Extracting logs from the EFK stack

IBM Security QRadar® Suite Software provides an action to extract and filter the logs from your cluster's EFK logging stack. The cluster logging components are based on Elasticsearch, Fluentd, and Kibana (EFK).

Before you begin

Install the command-line interface (CLI) utility cpctl from the cp-serviceability pod. For more information, see Installing the cpctl utility.

About this task

The extract_logs action queries and retrieves the cluster logs from your cluster's EFK logging stack.

The following table details the parameters that are available to run the command.

Parameter Default Description
domain "" Domain or IP of the Elasticsearch service. You can find the Elasticsearch IP and service by running the following command: 
oc get service elasticsearch -n openshift-logging -o jsonpath='{.spec.clusterIP}'
port 9200 Port where the service is hosted. Usually, the port is 9200. You can find the Elasticsearch port by running the following command: 
oc get service elasticsearch -n openshift-logging -o jsonpath='{.spec.ports[?(@.name=="elasticsearch")].port}'
token "" Token that the administrator generates by running the following command on the system.
oc whoami -t
search "" Value that the search is to match; for example, Kubernetes.
hours 0 Number of hours to search, based on the number of hours before the time when the search is run.
days 0 Number of days to search, based on the number of days before the day when the search is run.
min_date "" Minimum date to search, based on the date and time for the search to begin.
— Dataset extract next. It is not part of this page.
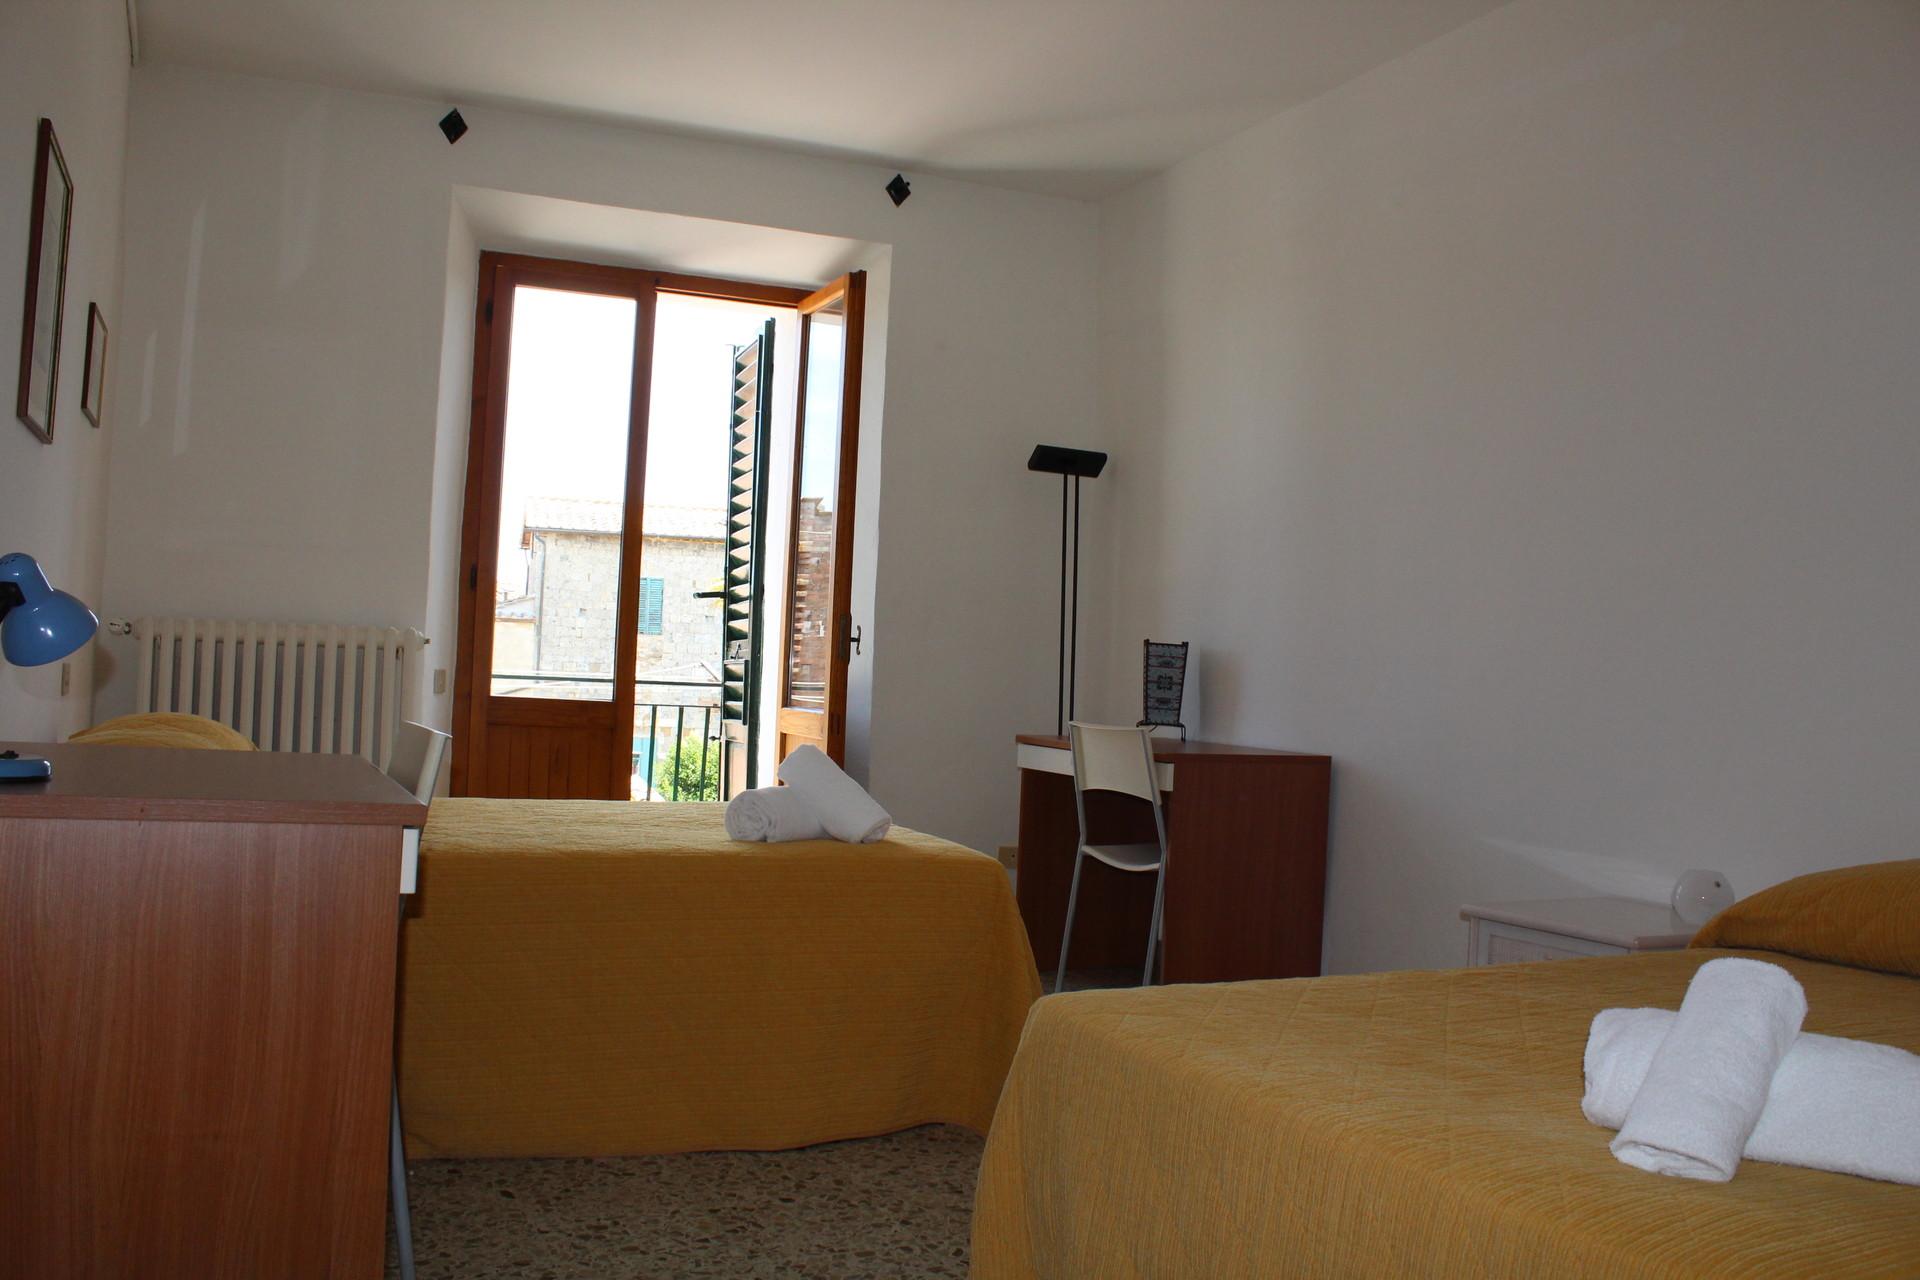 Via Stalloreggi, 43, 53100 Siena SI, Italy

The format must match yyyy-mm-dd HH:MM:SS, and the value must be a date that is before the date set for the max_date parameter.
max_date "" Maximum date to search, based on the date and time for the search to end. The format must match yyyy-mm-dd HH:MM:SS, and the value must be a date that is after the date set for the min_date parameter.

Procedure

  1. To ensure that the list of available cpctl actions is up to date, enter the following command. 
    cpctl load
    The cpctl load command retrieves all of the available actions that can be run on QRadar Suite Software. The actions are cached to your local environment.
  2. To run the extract_logs action, enter the following command: 
    cpctl diagnostics extract_logs --domain <domain_name> --token "$(oc whoami -t)" --search <search_term>

    For example, the following commands can be used to run the extract_logs action.

    cpctl diagnostics extract_logs --domain <domain_name> --token "$(oc whoami -t)" --search kubernetes.container_name:clx-console --hours 24

    cpctl diagnostics extract_logs --domain <domain_name> --token "$(oc whoami -t)" --search kubernetes.container_name:clx-console --days 1

Results

A report is sent to your console session. The retrieved logs are stored within the cp-serviceability pod.

Example

The following output is an example of the output that results from running the command cpctl diagnostics extract_logs with the --min_date and --max_date parameters set.

cpctl run extract_logs --domain <domain_name> --token "$(oc whoami -t)" --search kubernetes.container_name:clx-console --min_date '2020-10-20\ 00:00:00' and --max_date '2020-10-21\ 00:00:00'
Executing playbook extract_logs.yaml
- localhost on hosts: localhost -
Gathering Facts...
  localhost ok
extract logs - filter by hours...
extract logs - filter by days...
extract logs - filter by min and max dates...
  localhost done | stdout: To copy file to your local machine run: 
    oc cp cp-serviceability:/tmp/log_output.ndjson ./log_output.ndjson
- Play recap -
  localhost                  : ok=2    changed=1    unreachable=0    failed=0    rescued=0    ignored=0

To copy the extracted logs in to your workstation, run the following commands:

POD=$(oc get pod --no-headers -lrun=cp-serviceability | cut -d' ' -f1)
rsync --rsh='oc rsh' -av -c --inplace --partial --append --progress $POD:/tmp/log_output.ndjson ./log_output.ndjson

The copy command is also shown in the console of the execution action.